*** Opening MATERIAL PROVIDED ***
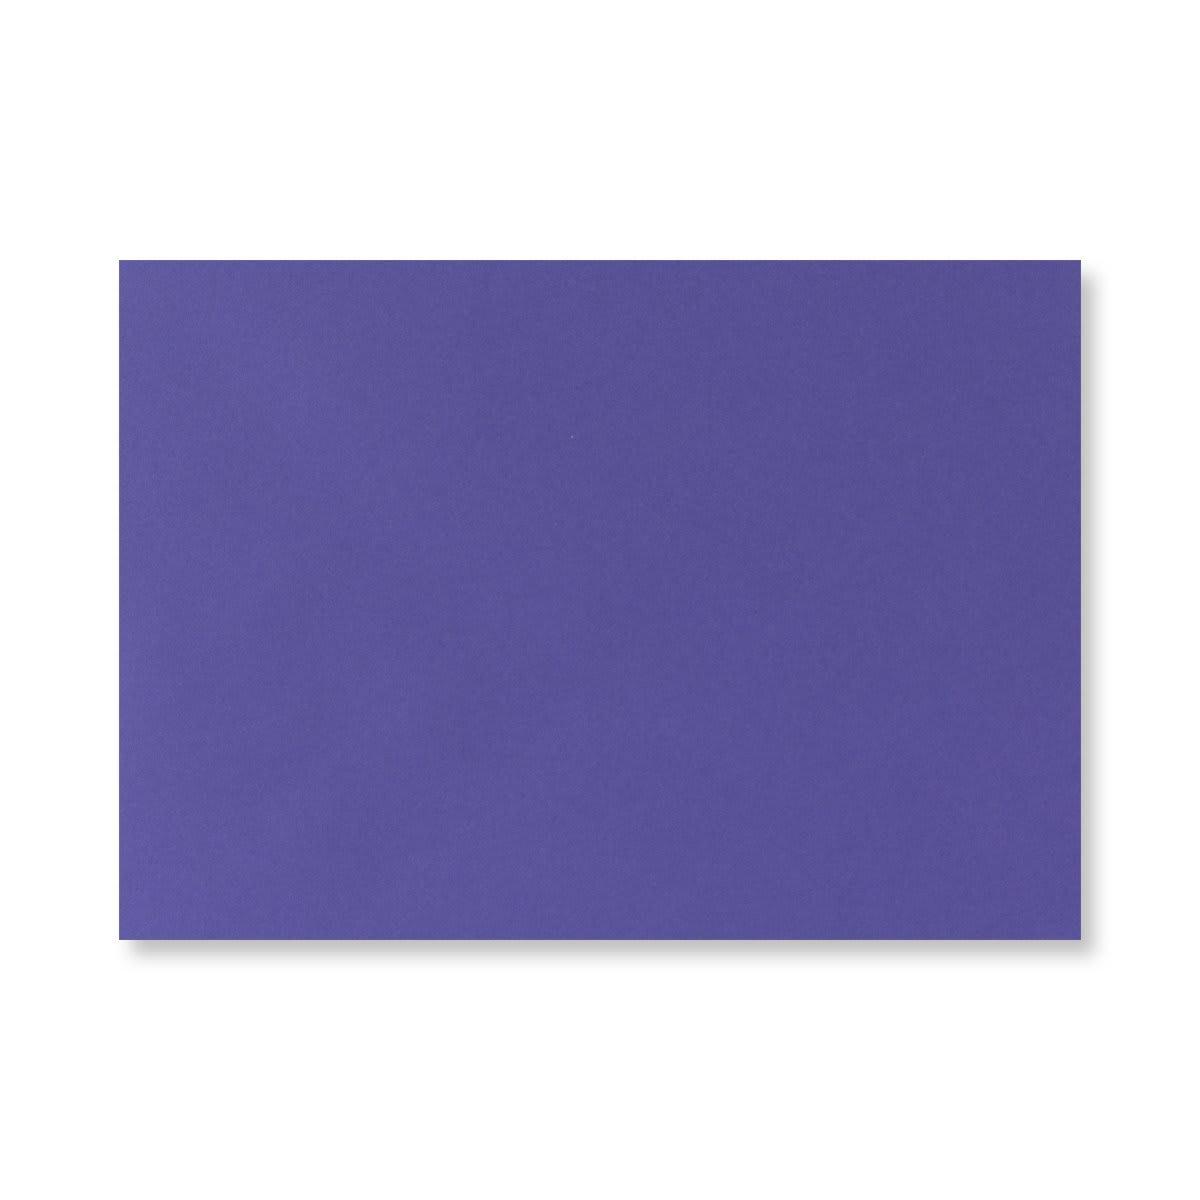 IRIS BLUE 133 x 184 mm ENVELOPES (i8)
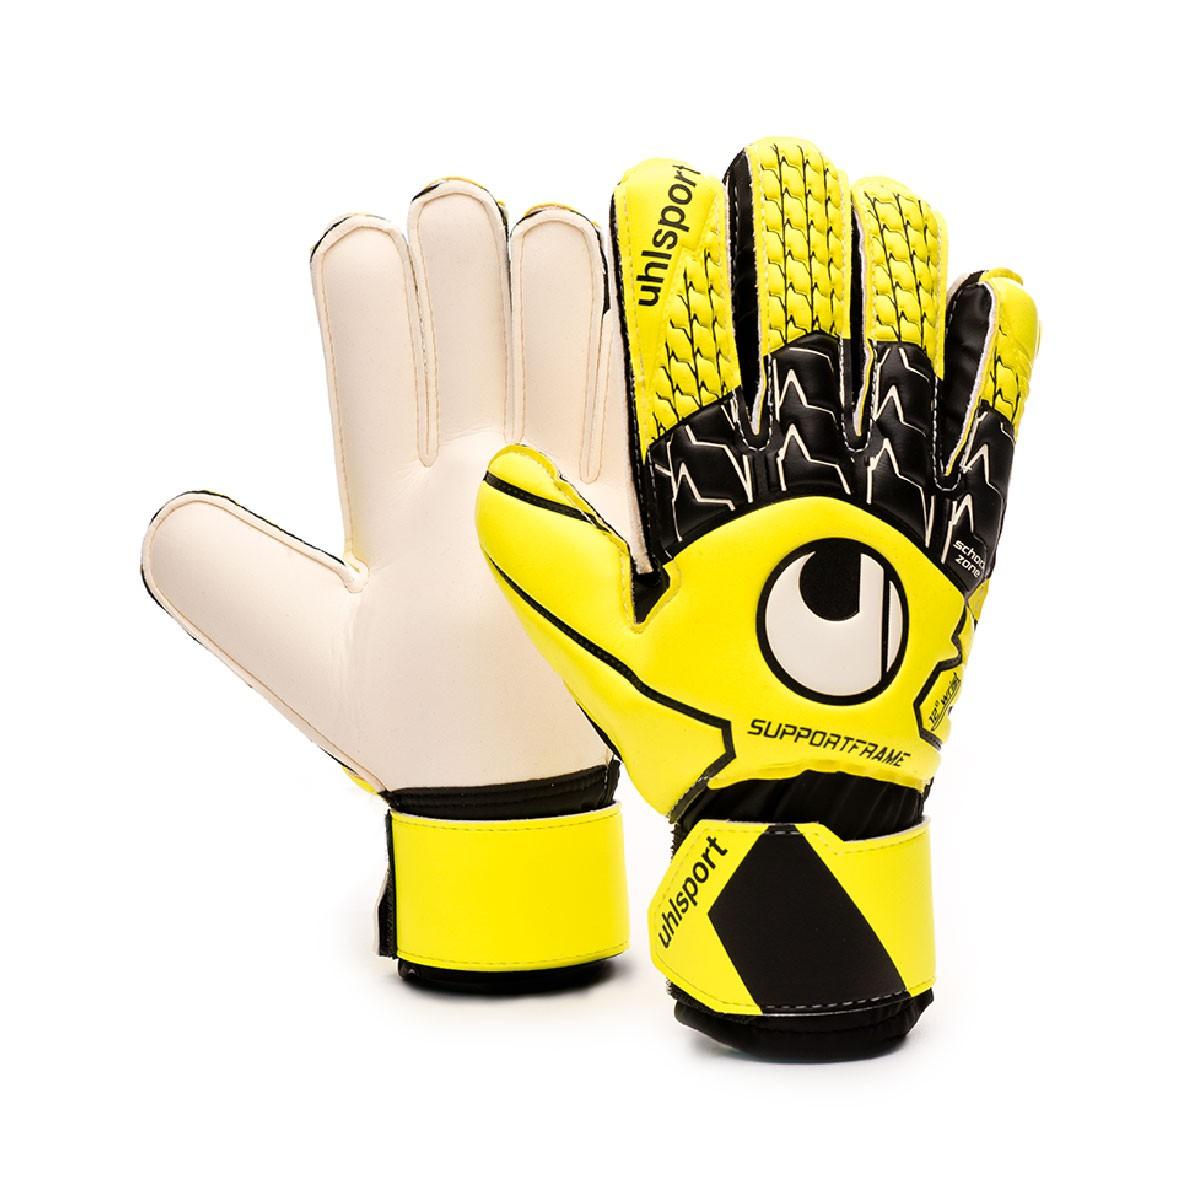 f42e30174 Glove Uhlsport Soft SF Niño Fluor yellow-Black-White - Tienda de fútbol  Fútbol Emotion
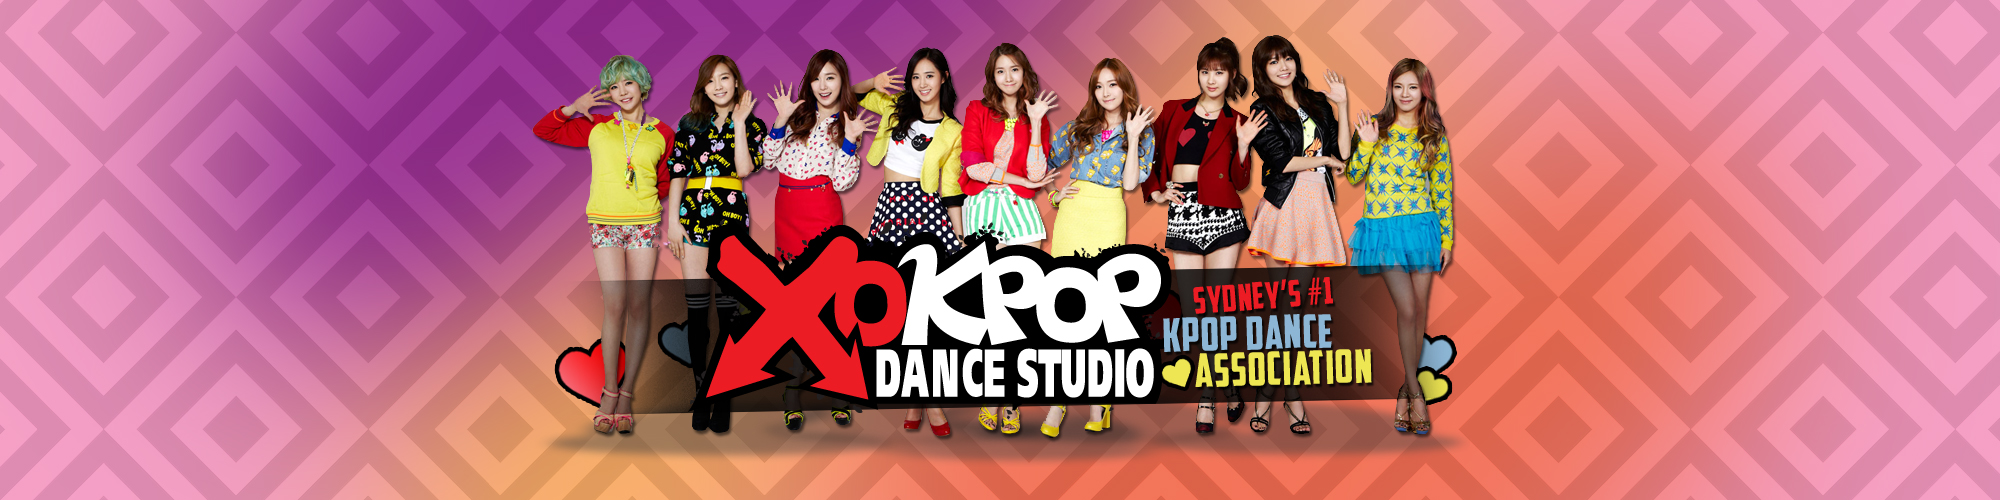 Kpop dance classes in sydney crossover dance studio xoheaderkpop baditri Images
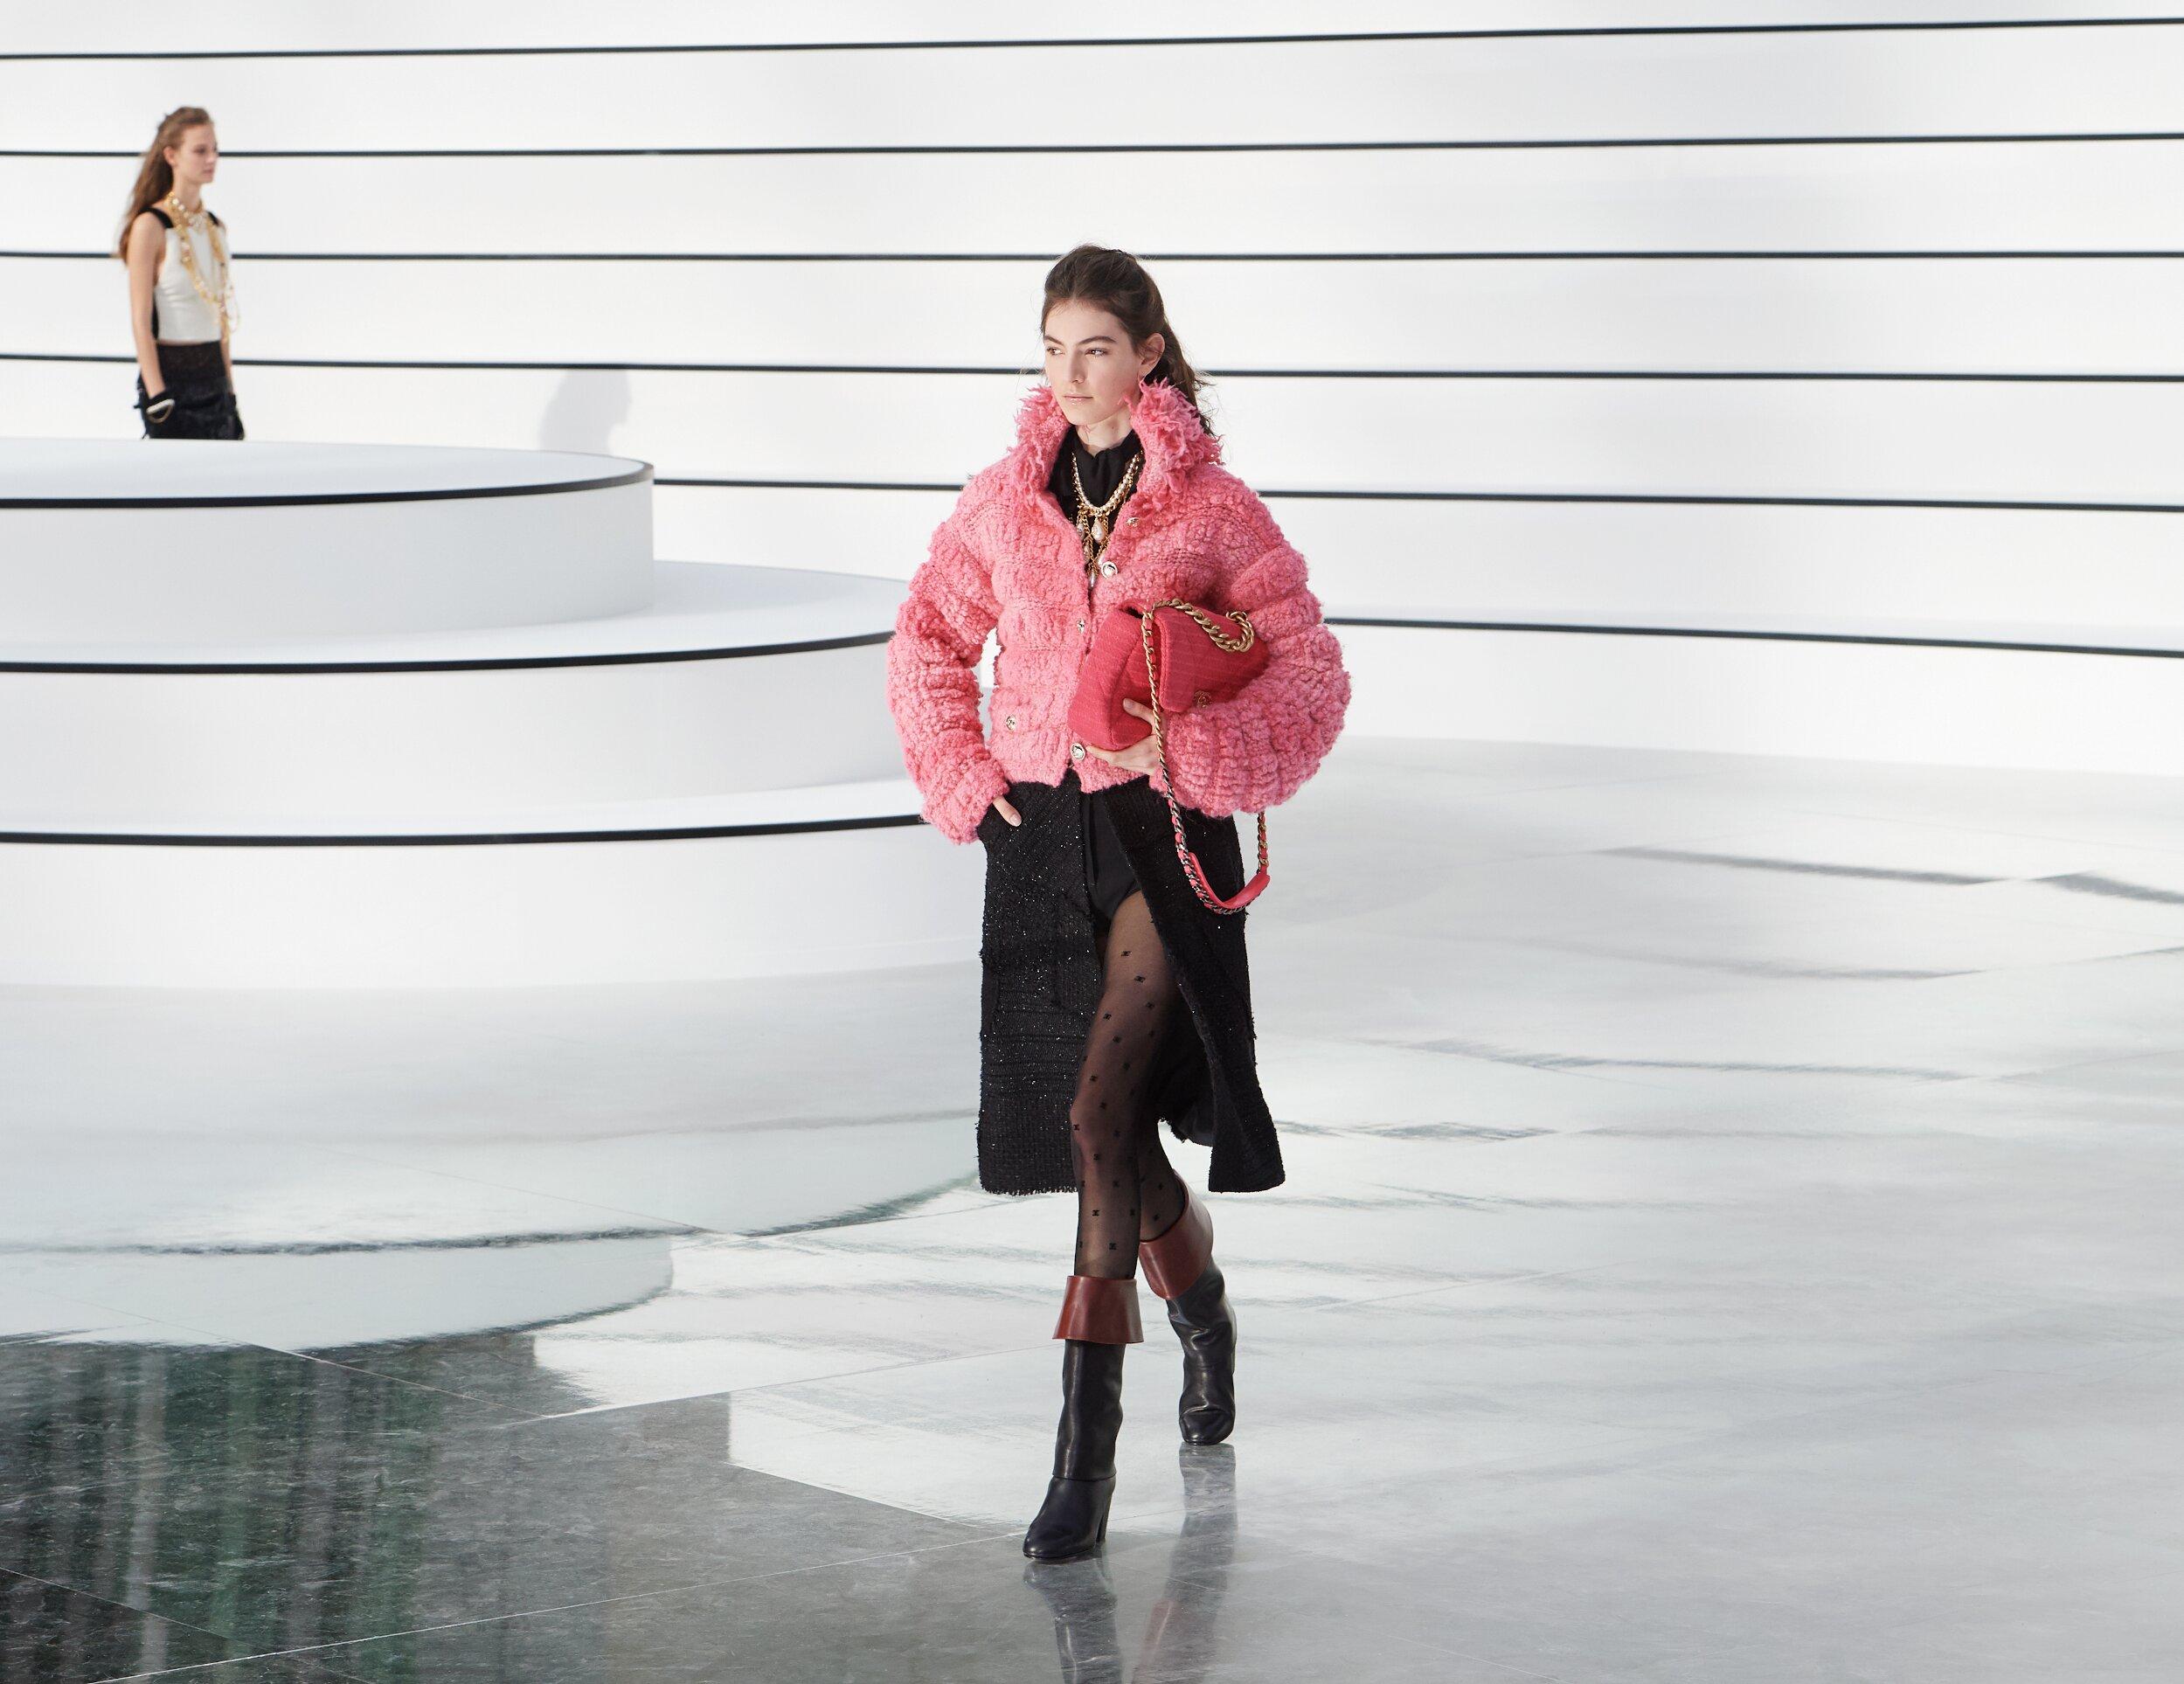 Chanel Winter 2020 Catwalk
*** Closing MATERIAL PROVIDED ***
## EXERCISE BRIEF
The output is to be the material in full and unaltered, with pictures omitted.

## EXERCISE RESPONSE
 IRIS BLUE 133 x 184 mm ENVELOPES (i8)
 f42e30174 Glove Uhlsport Soft SF Niño Fluor yellow-Black-White - Tienda de fútbol  Fútbol Emotion
 Kpop dance classes in sydney crossover dance studio xoheaderkpop baditri Images
 Chanel Winter 2020 Catwalk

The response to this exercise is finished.